Description & Technical information

Edouard Vuillard was, as one scholar has written, ‘in many ways the supreme graphic artist among the Nabis. He drew throughout his life, indeed daily...’ From around 1900 onwards the artist used mainly pastel for his drawings, and soon came to master the subtlety and vibrancy of this challenging medium. As the critic and art historian Claude Roger-Marx wrote, in one of the first monographs on the artist, ‘Vuillard often found expression by means of pastels’, and indeed he made more extensive use of the medium than perhaps any French artist since Degas in the previous generation. Pastel was to become an essential part of Vuillard’s working process until the end of his career, used for landscape and figure studies, compositional drawings and still-life subjects, as well as in preparatory studies for portraits.  

The subject of this charming portrait, executed in 1915, is Jean Reiss, a nephew of Vuillard’s close friend and muse Lucy Hessel.
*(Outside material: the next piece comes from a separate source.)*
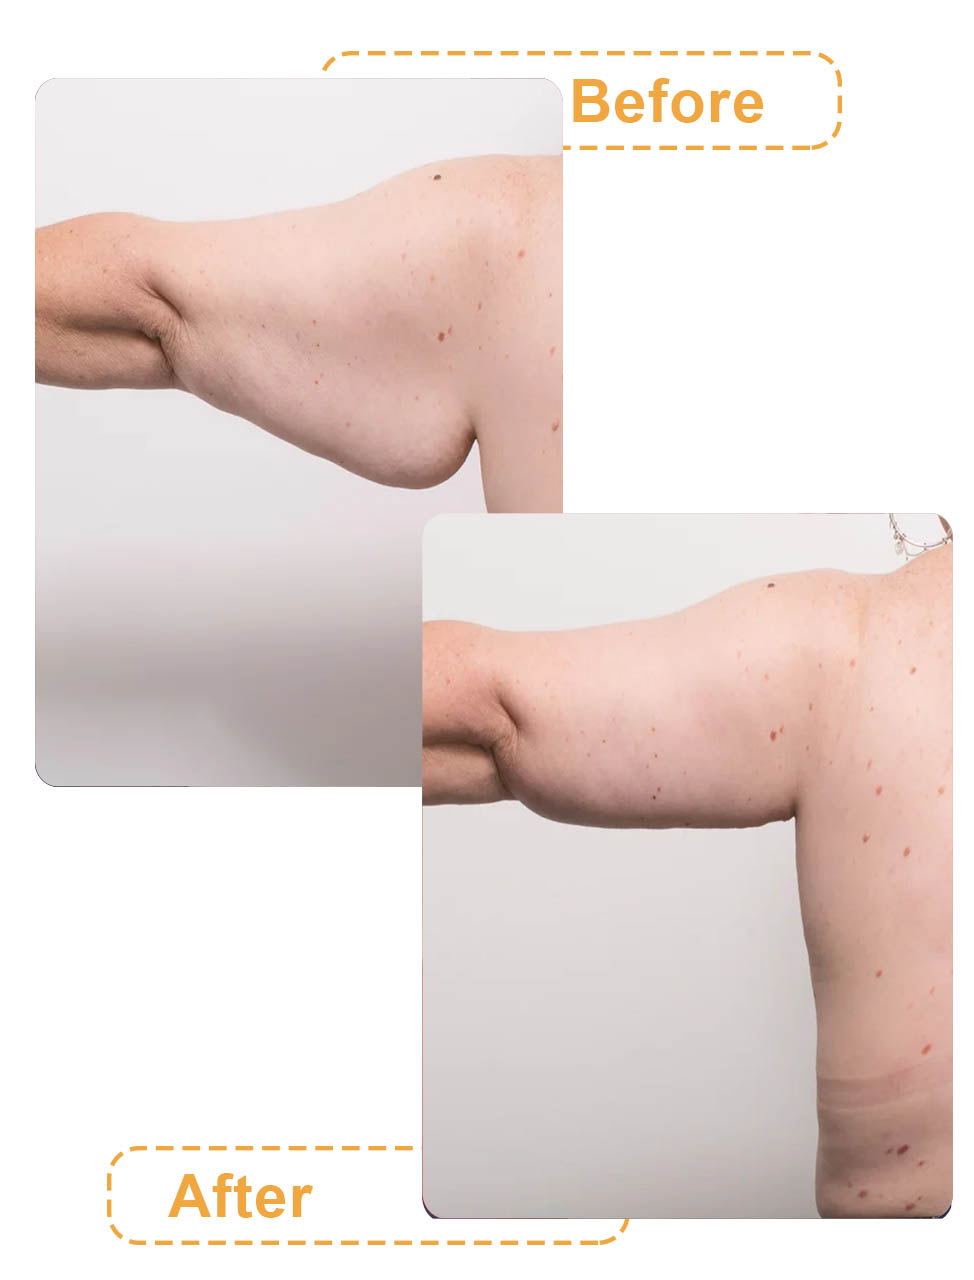 عکس های قبل و بعد لیپوماتیک بازو

Depicted wearing a marinière, or sailor suit, the young Jean appears lost in thought, and oblivious to the artist drawing him. Another pastel portrait of Jean Reiss of the same date but of somewhat smaller dimensions, is in a private collection in Canada.

The present portrait was given by Vuillard to Lucy Hessel on the 21st of April 1915, and has remained in the collection of her descendants until recently. 

Date:  1915
Period:  20th century
Origin:  France
Medium: Laid down on board, Pastel on buff paper
Signature: Signed and dedicated pour Lucy / E Vuillard at the lower right. 

Dimensions: 39 x 34.2 cm (15³/₈ x 13¹/₂ inches)
Provenance: Presented by the artist to Lucy Hessel, Paris, in April 1915
By descent to her adopted daughter, Lucie (Lulu) Grandjean-Hessel (Mme. Jacques Arpels), Paris
Thence by descent.


Literature: Antoine Salomon and Guy Cogeval, Vuillard: The Inexhaustible Glance. Critical Catalogue of Paintings and Pastels, Milan, 2003, Vol.III, p.1265, no.X-190 (where dated 1915).